— Task directions —
Although the data below contains pictures, please reproduce only its words, exactly.

— Input data —
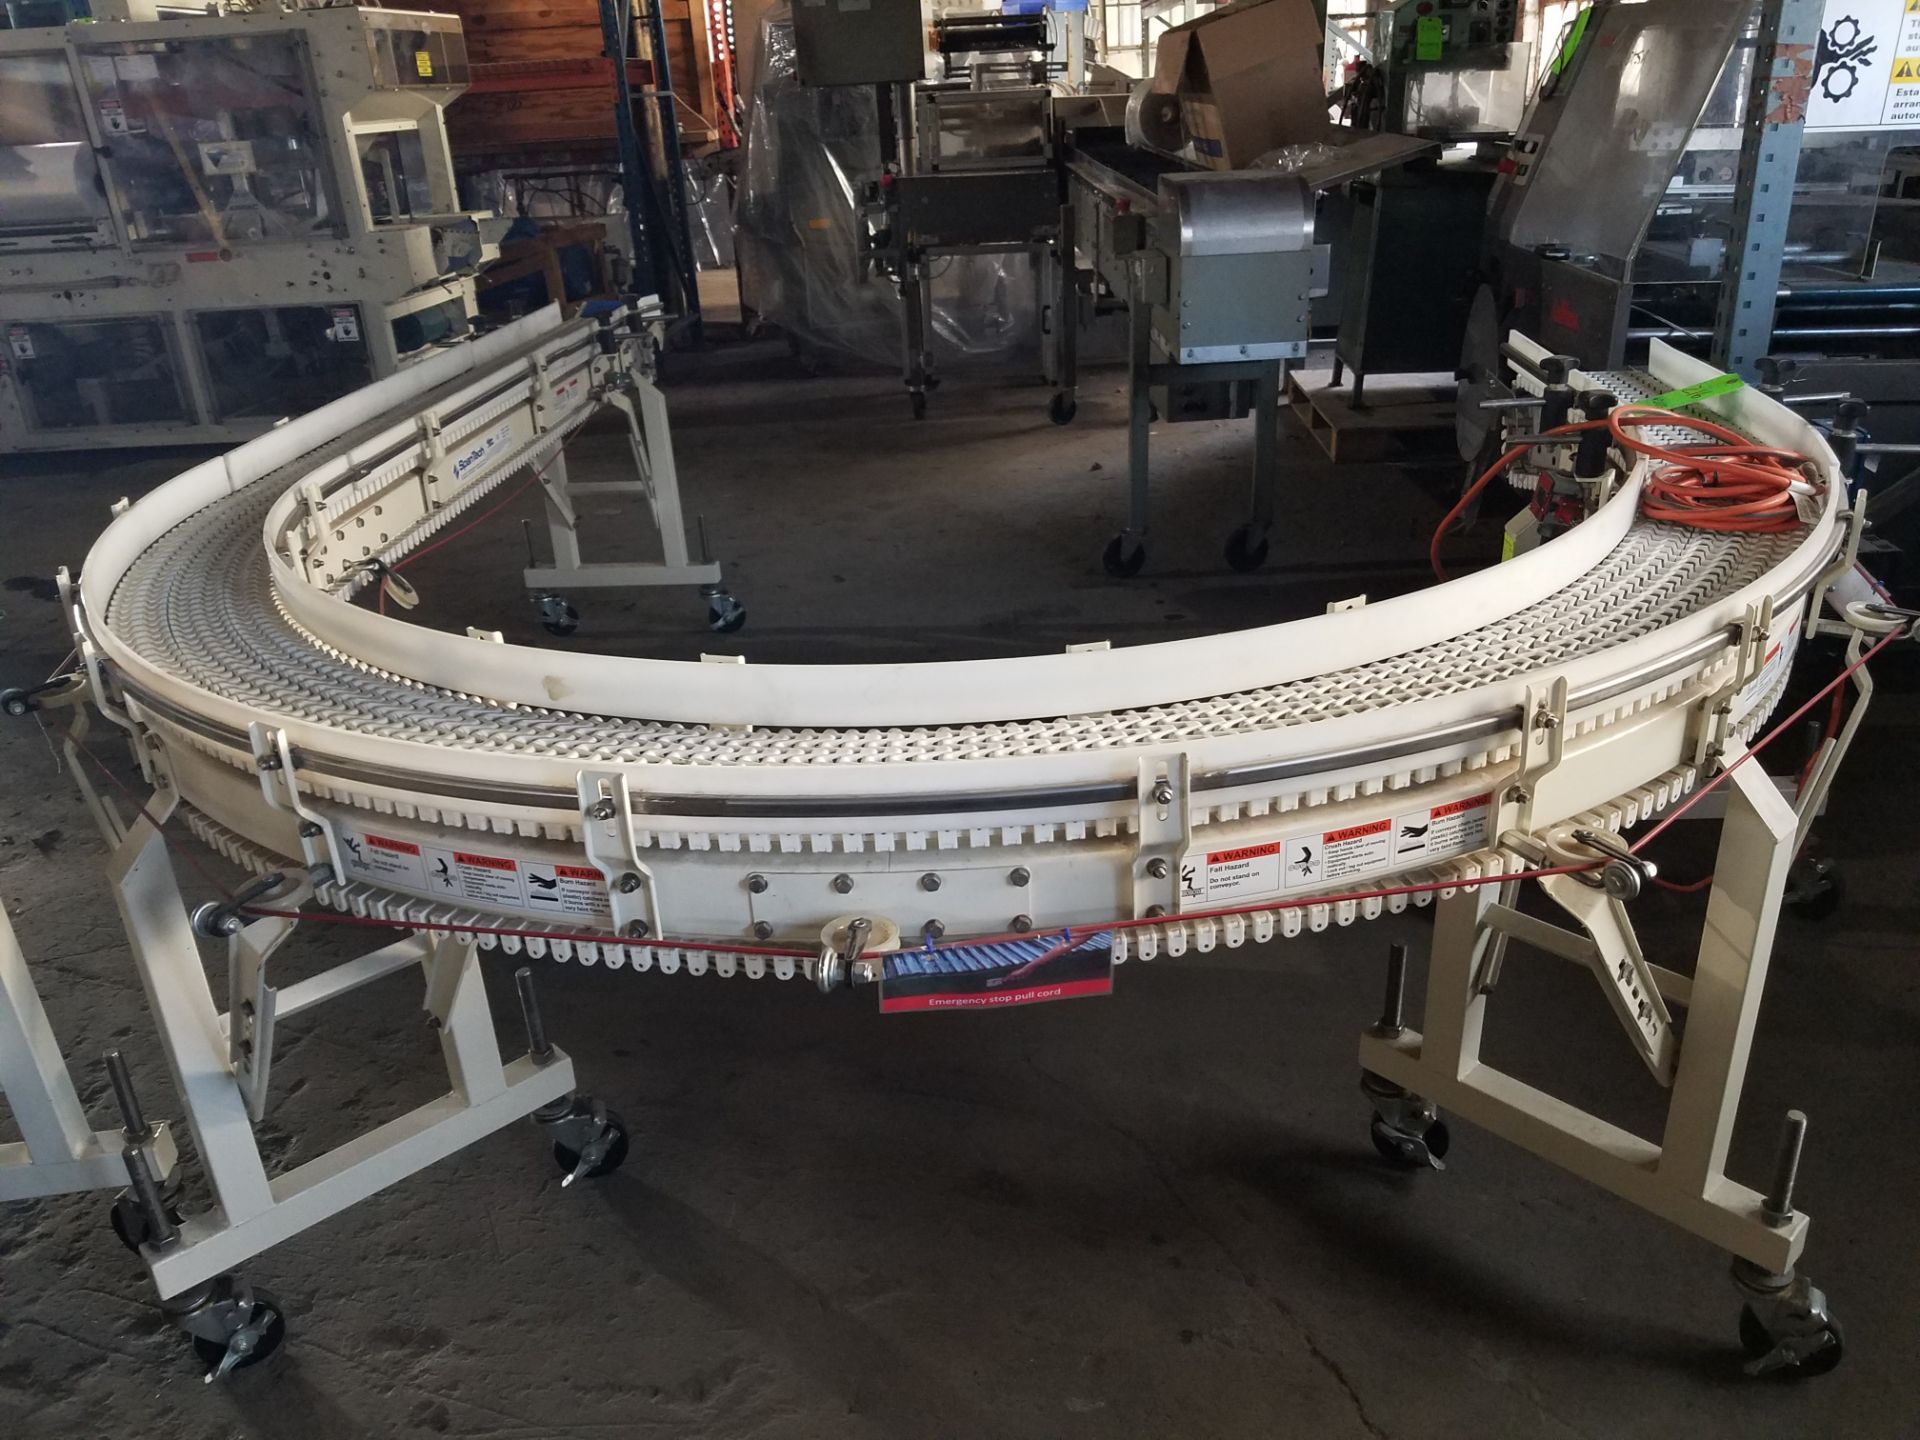 Spantech 8" W x 18' Long Plastic Conveyor with Speed Controls, Casters, Side Rails, Volt 110 - Image 2 of 4
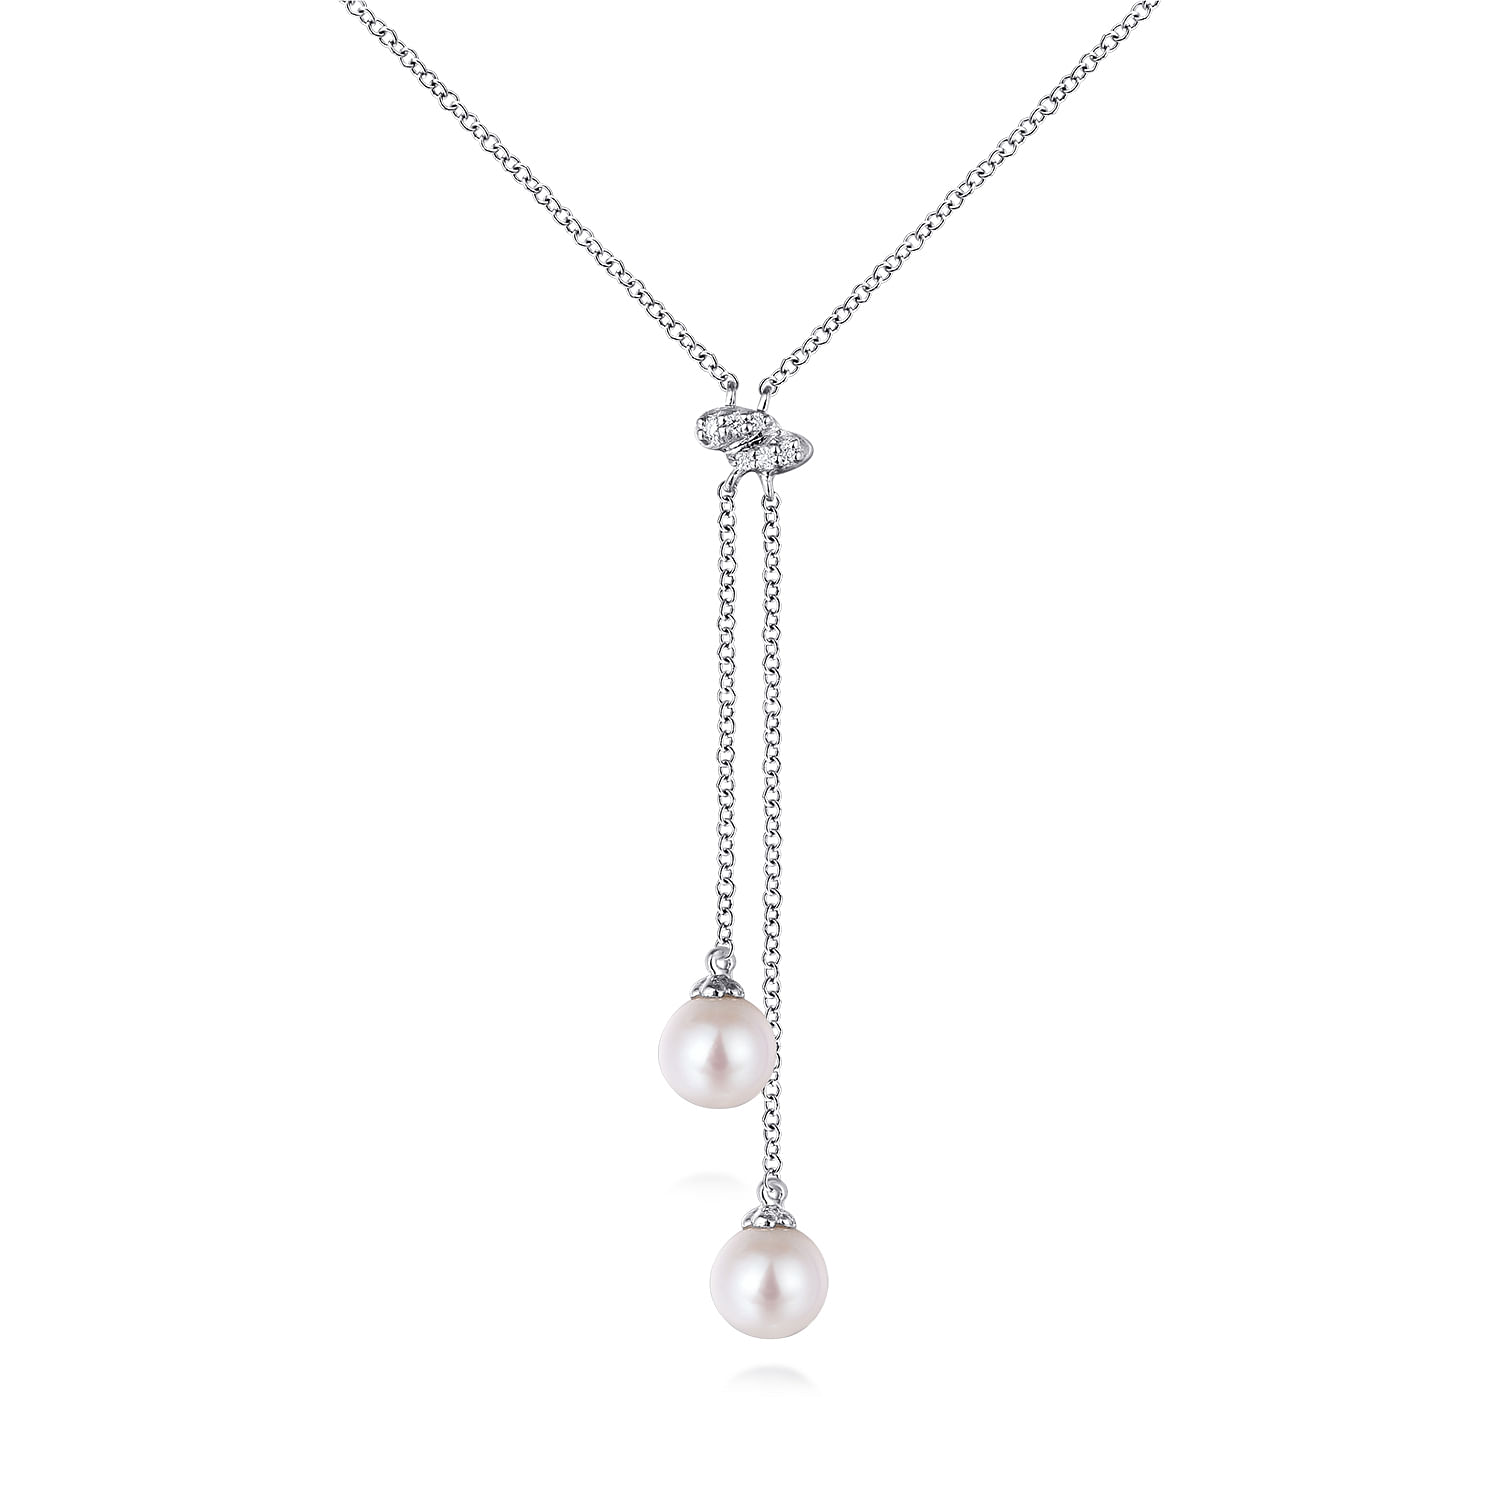 14K White Gold Diamond and Cultured Pearl Lariat Necklace
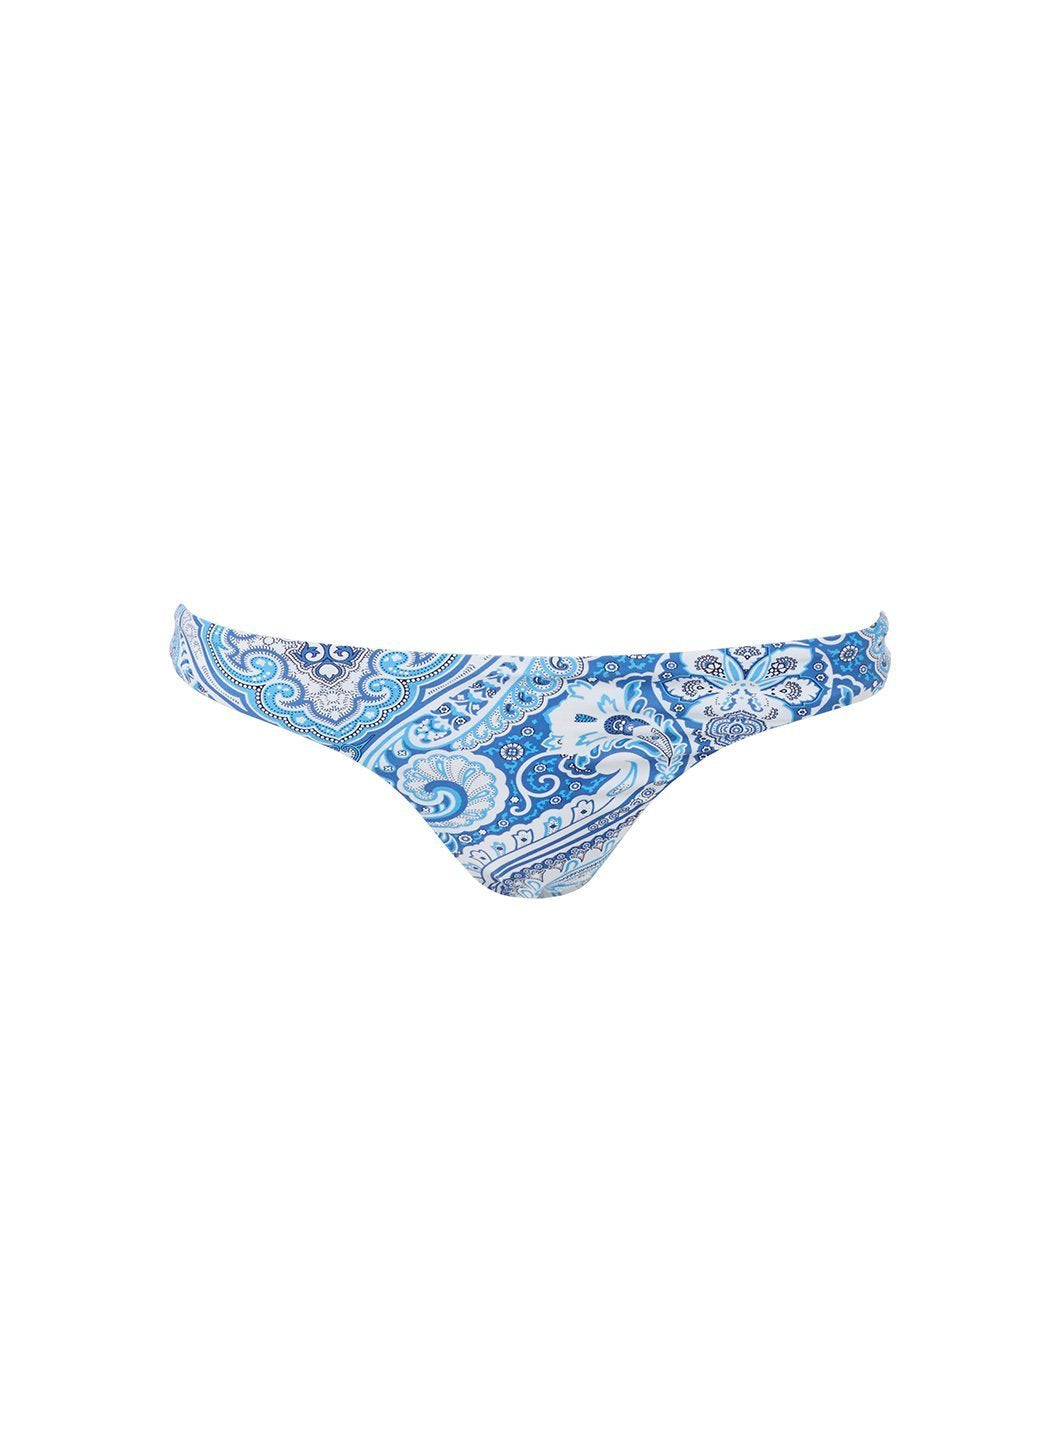 Melissa Odabash Barbados Blue Paisley Underwired Cup Bandeau Bikini Official Website
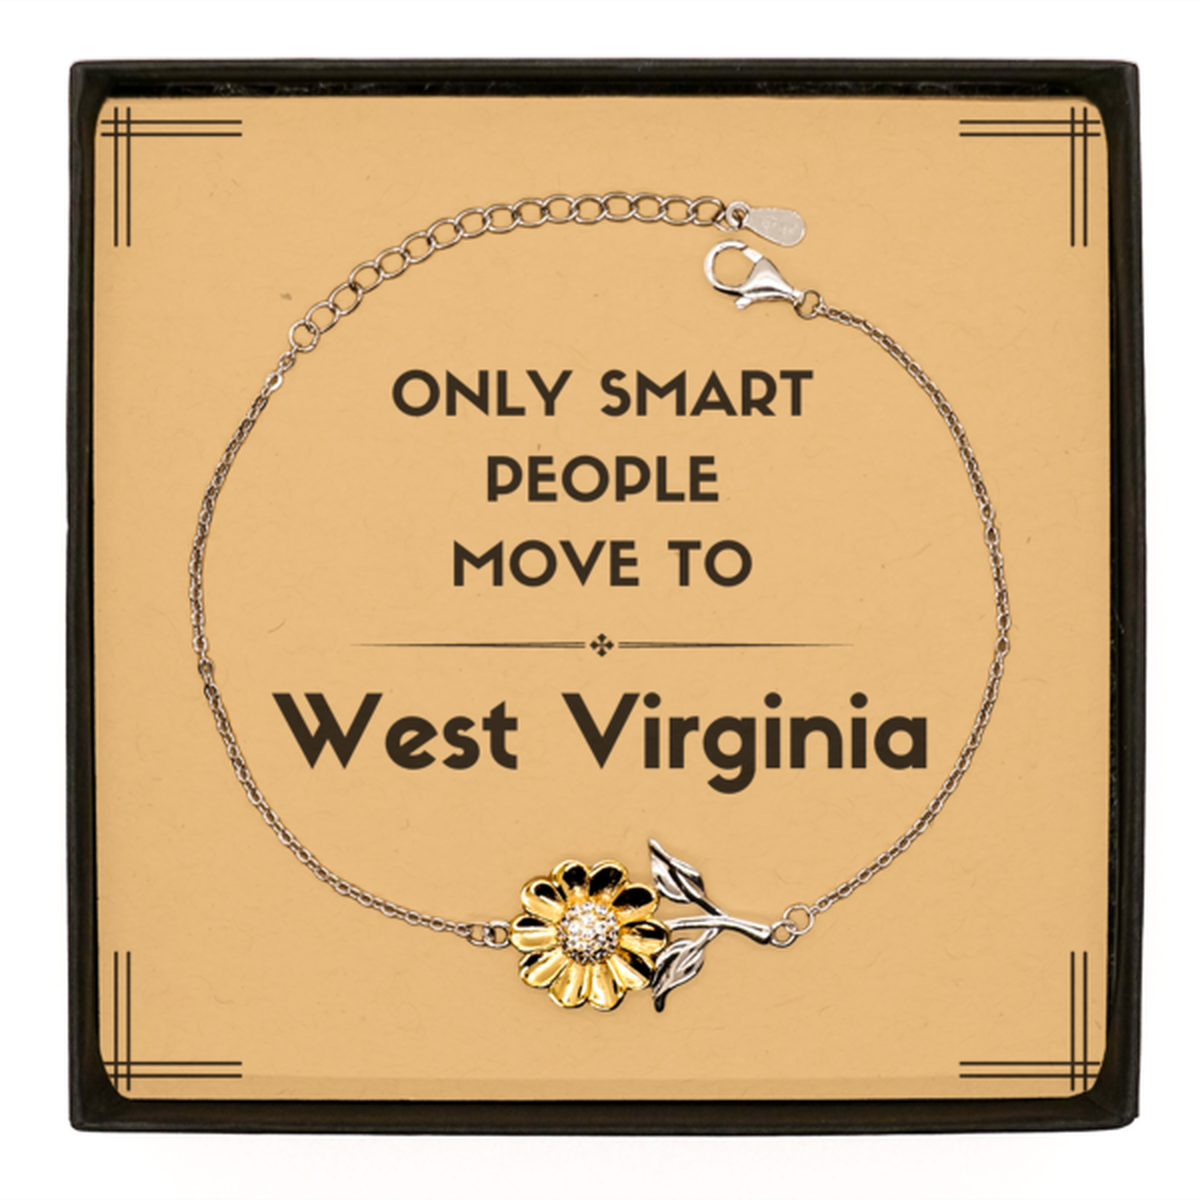 Only smart people move to West Virginia Sunflower Bracelet, Message Card Gifts For West Virginia, Move to West Virginia Gifts for Friends Coworker Funny Saying Quote

— Written response —
 Spantech 8" W x 18' Long Plastic Conveyor with Speed Controls, Casters, Side Rails, Volt 110 - Image 2 of 4
 14K White Gold Diamond and Cultured Pearl Lariat Necklace
 Melissa Odabash Barbados Blue Paisley Underwired Cup Bandeau Bikini Official Website
 Only smart people move to West Virginia Sunflower Bracelet, Message Card Gifts For West Virginia, Move to West Virginia Gifts for Friends Coworker Funny Saying Quote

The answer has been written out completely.